I also ran some “Null Kernel” cases where I commented out all of the SimpleConvolution CL Kernel. The “Null Kernel” case does seem to suggest that AMD’s OpenCL either (or both) creates, executes, then joins a thread per workgroup -or- it spends a lot of cycles for workgroup management.
This may be the reason why you actually continue to see perf increases as you increase the workgroup size – until it failed to execute at a size of 2048. It seems like at sufficiently large workgroup sizes >= 256, the workgroup management time does get amortized out over the number of work-items processed.
Also interesting is the actual performance numbers compared to the CPU reference. OpenCL may scale with the number of cores but it’s raw performance is good but not mind shattering. Theoretically, with good use of SSE and being mindful of cache locality, you can improve single-threaded performance by 3-4x putting a single threaded CPU implementation neck to neck with the 256-512 CL results. Spawn two threads to work on separate parts of the matrix and you get another 1.5x in perf increase pushing it a magnitude or two faster than the CL implementation.

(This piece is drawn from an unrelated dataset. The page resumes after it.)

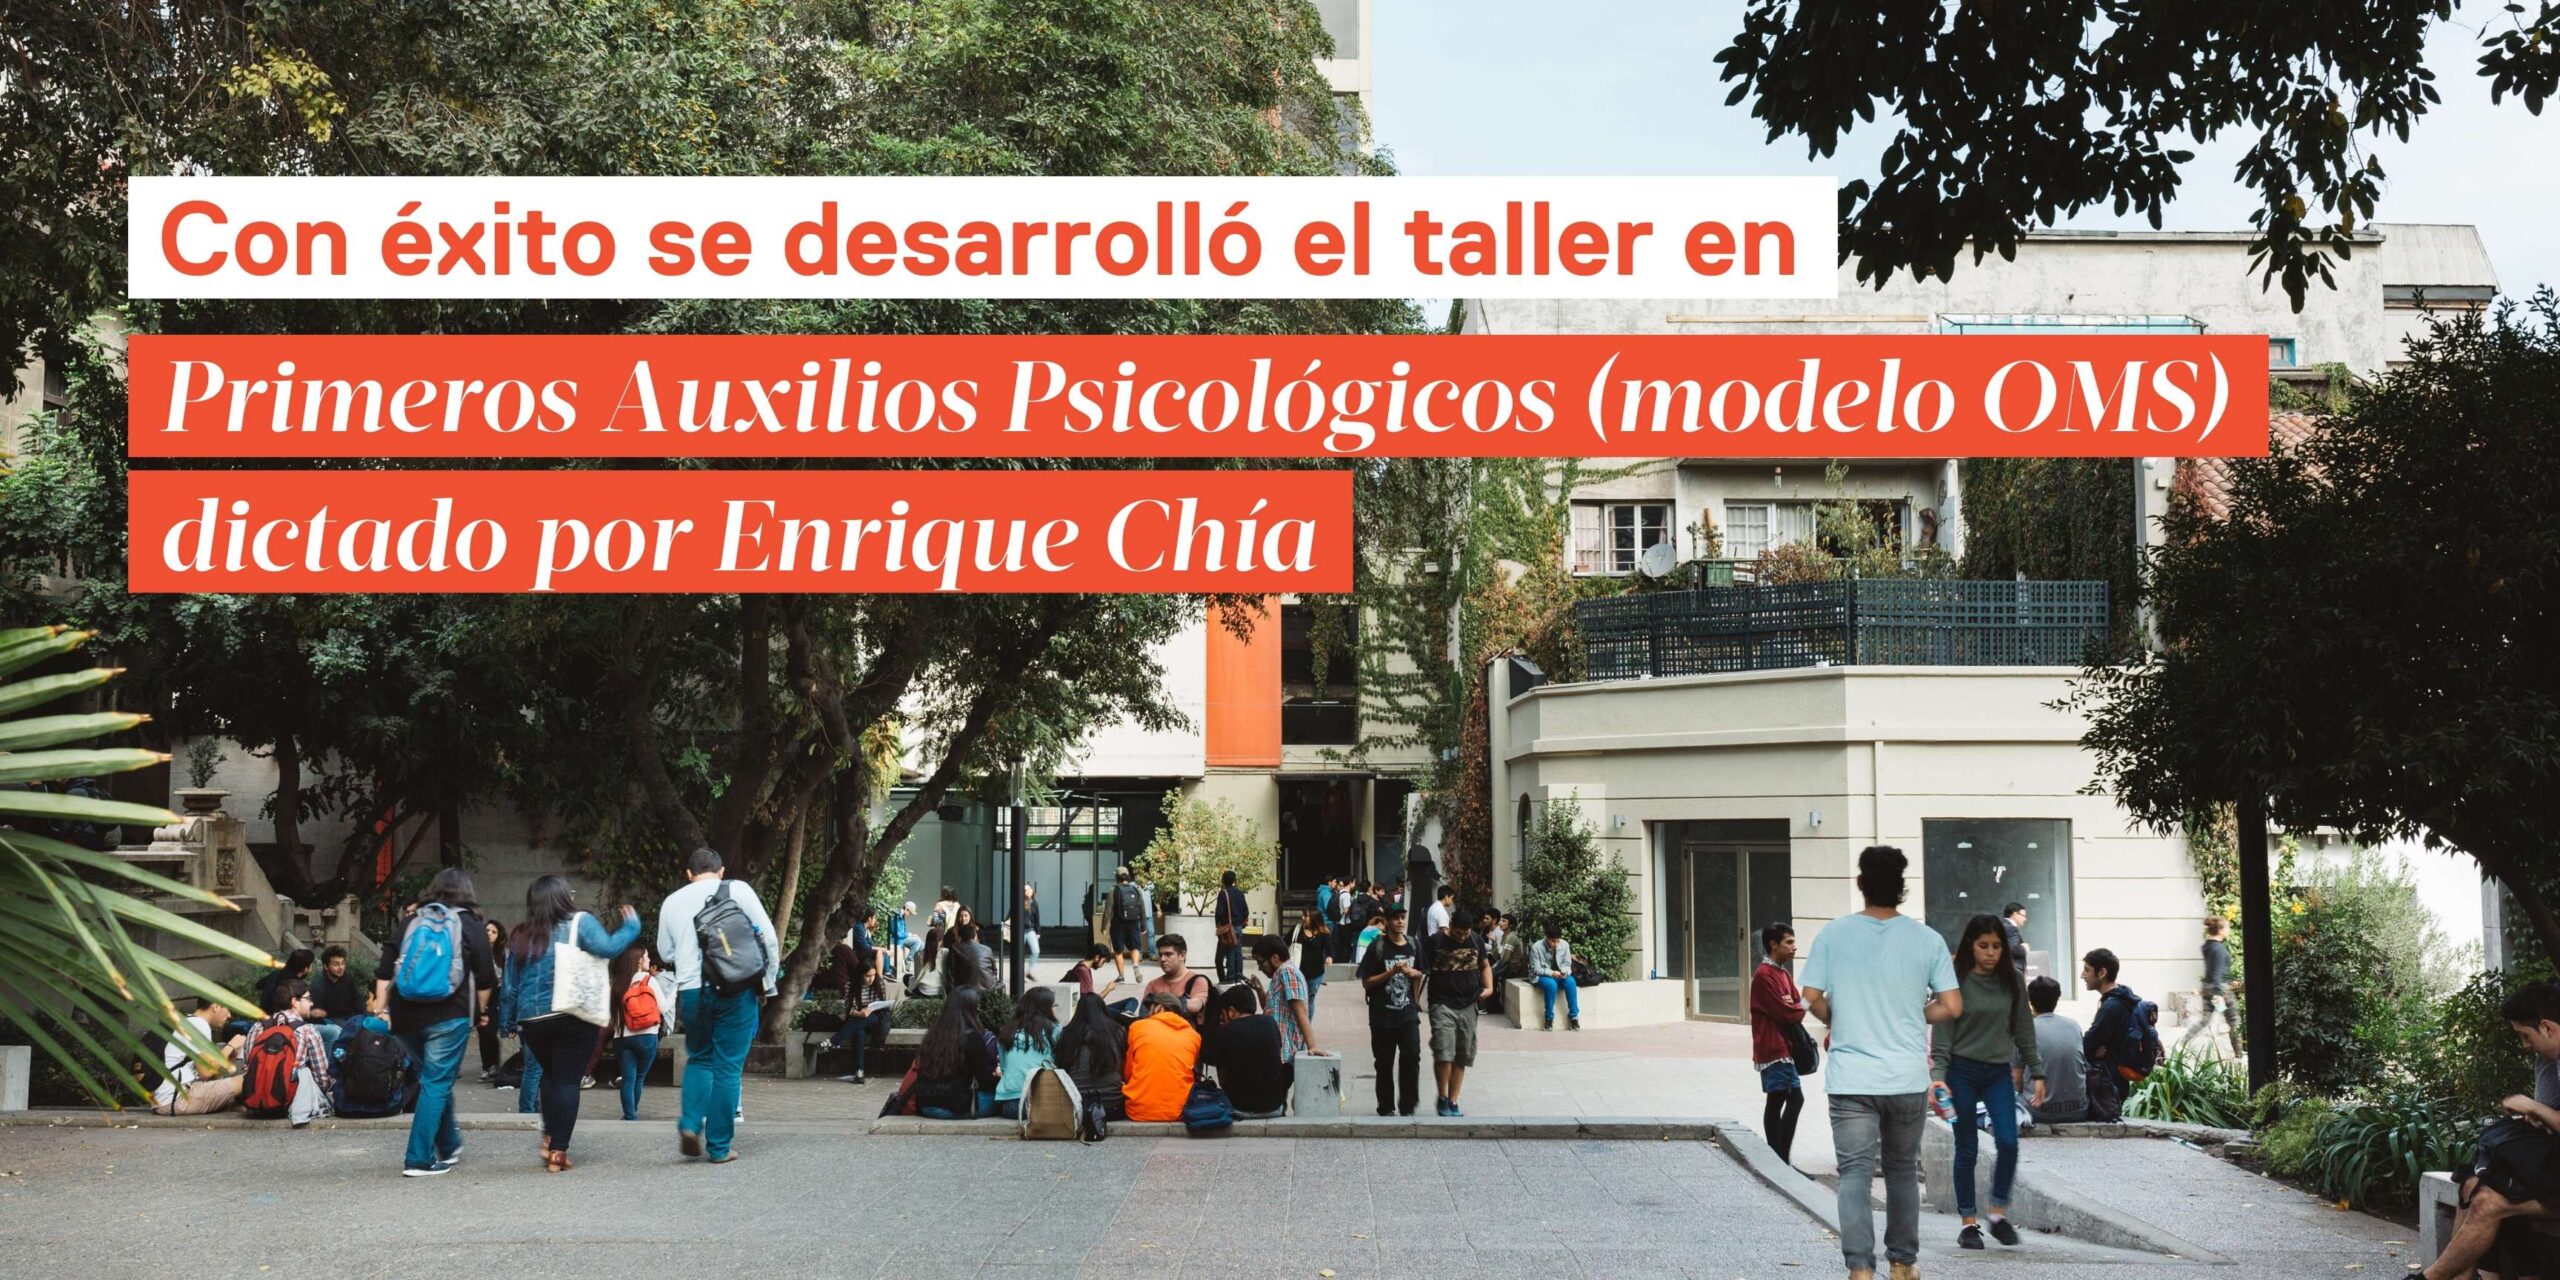 Con éxito se desarrolló el taller en Primeros Auxilios Psicológicos (Modelo OMS) dictado por Enrique Chía
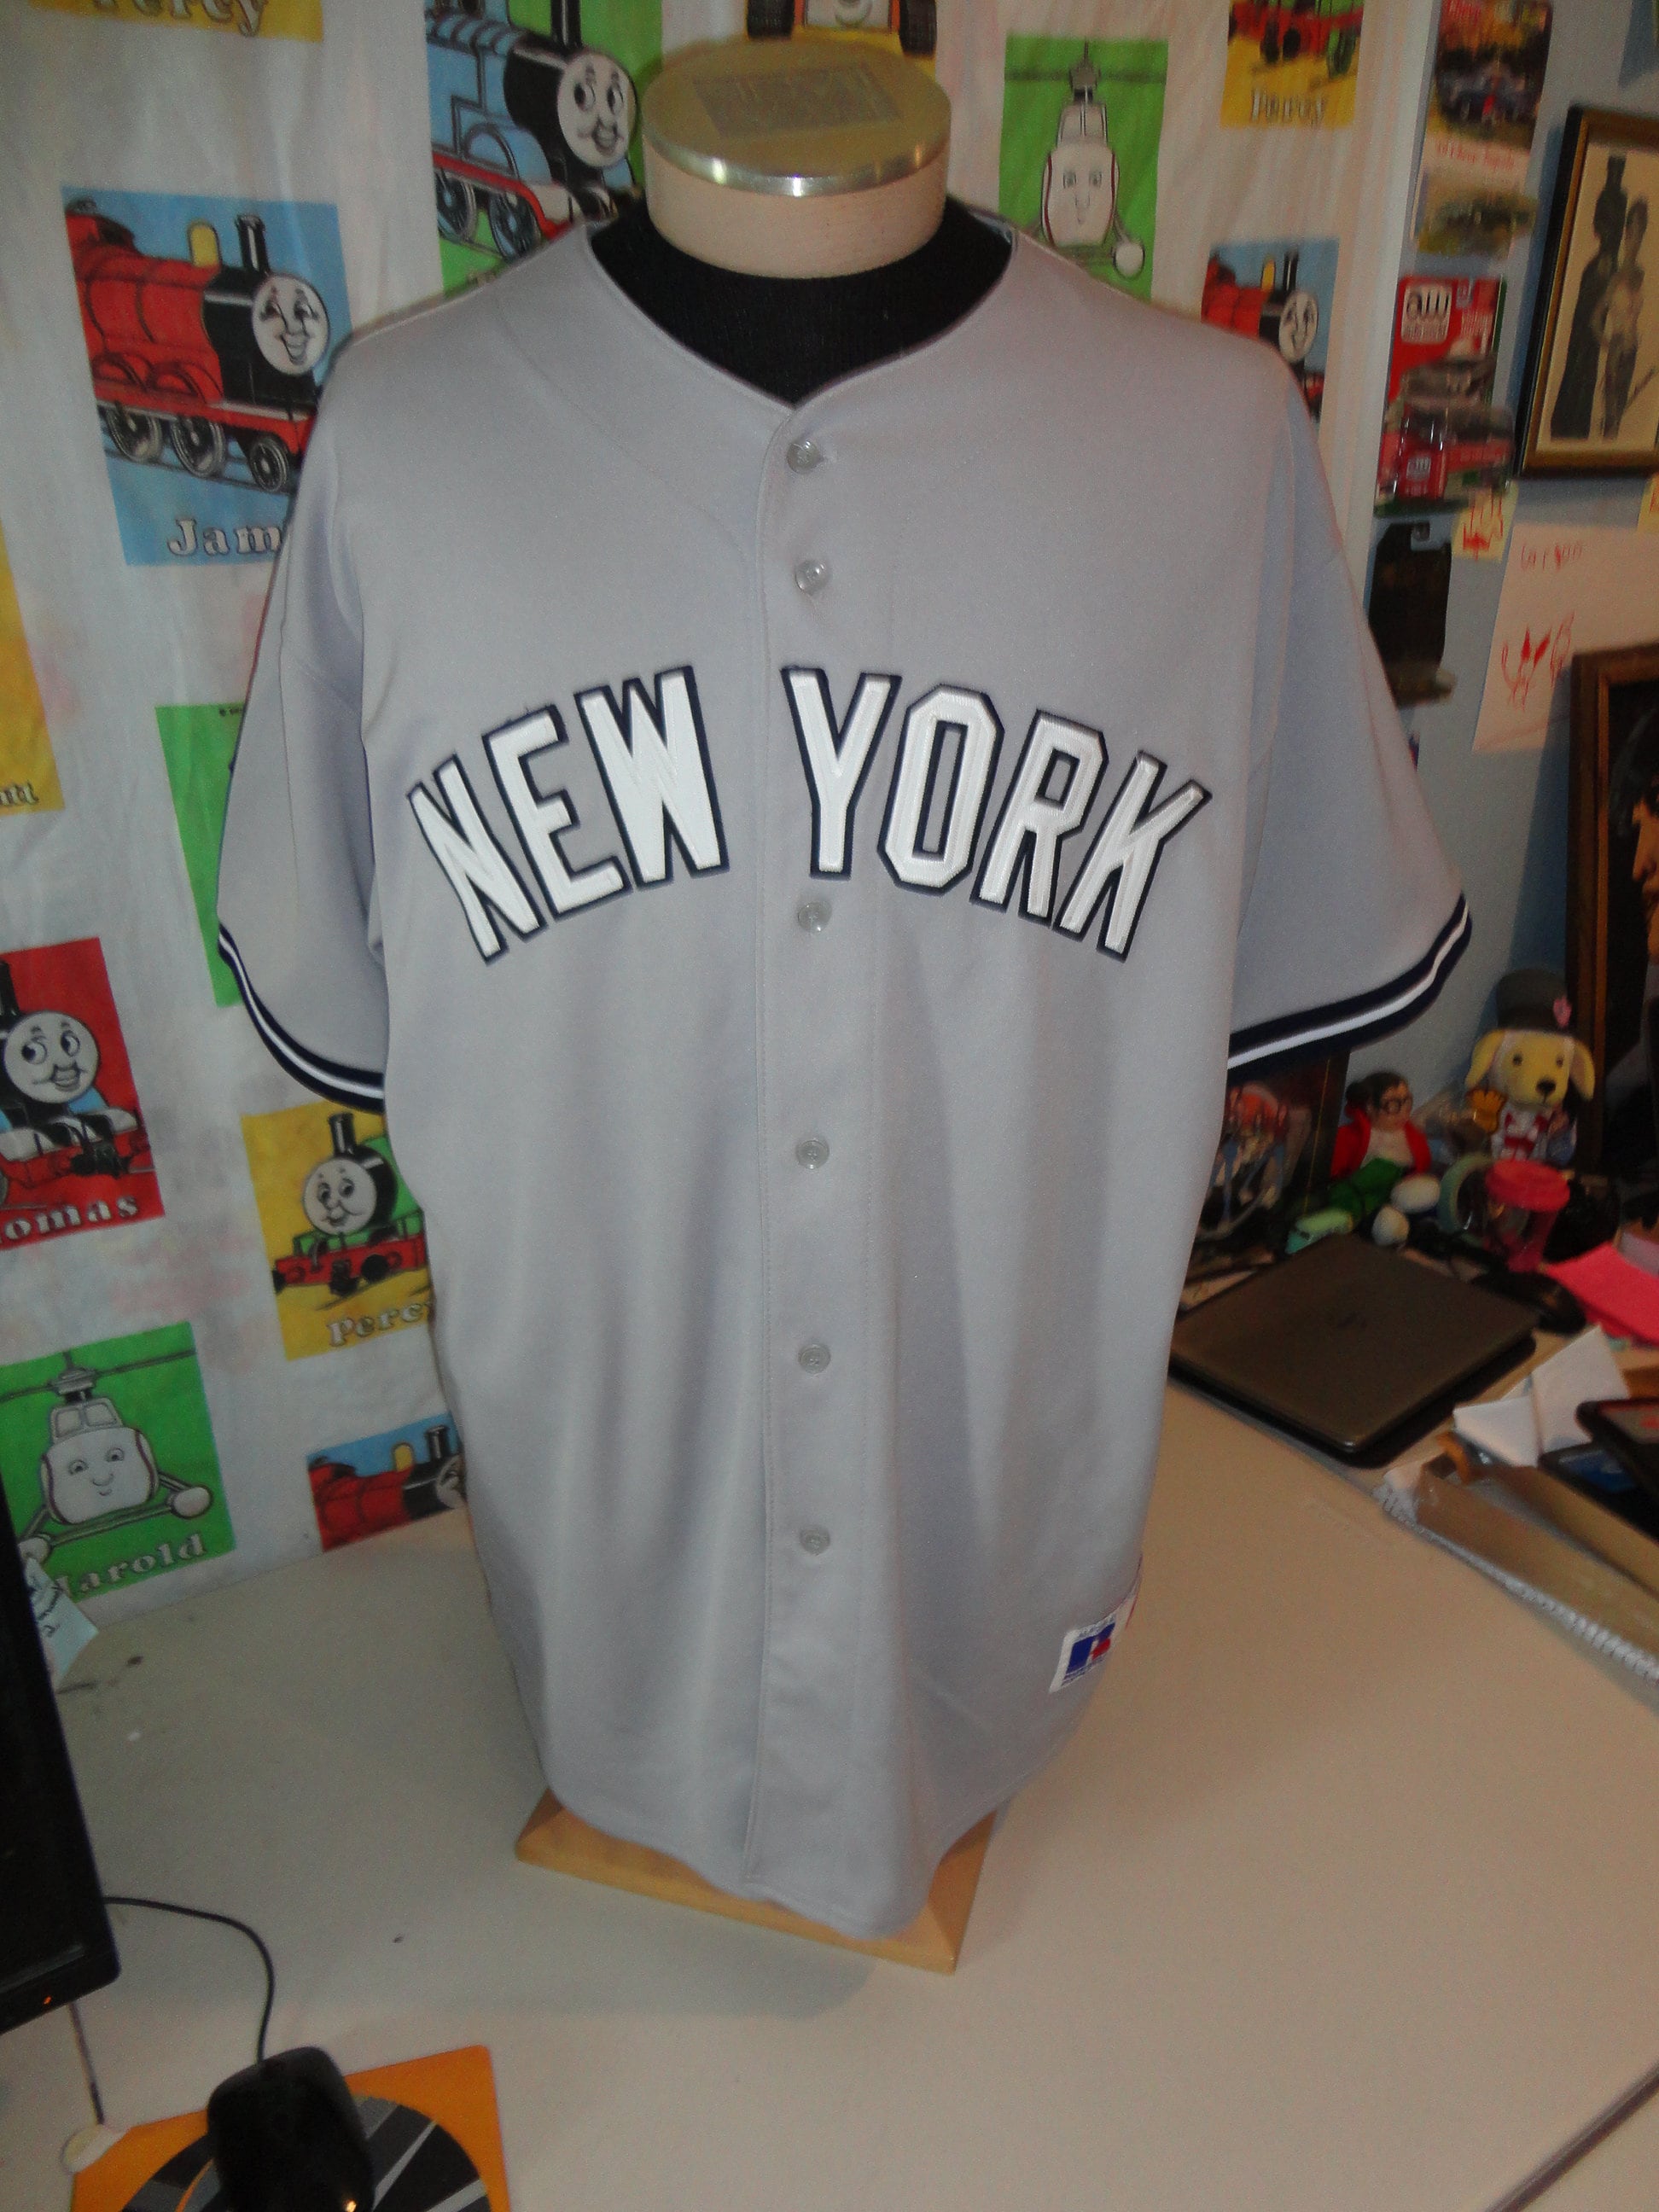 Starter New York Yankees Derek Jeter Stitched Jersey Size XL

I’ll take AMD’s word for it that it’s CL driver will scale with cores. But maybe it would be interesting if someone with > 2 core Intel system can also see near linear scaling. Or maybe I can be motivated enough to run my experiment by disabling one of my cores on my laptop.
So I conclude with the following:
- My timing mechanics could be entirely wrong and everything here can be thrown in the trash… then again, this is highly unlikely since I’m using exactly what AMD does to measure event times for CL kernel execution and CPU perf times.
- Each workgroup spawns and the joins a new thread and/or incurrs a workgroup management cost. So despite the AMD SDK using workgroup size of 1 for most of its CL samples, you will get more optimal performance with larger workgroup sizes.
- The AMD CL stack still has room for performance improvements since CPU reference seems to indicate so.
… or maybe AMD’s OpenCL driver is just sophisticatedly inefficient for Intel based systems.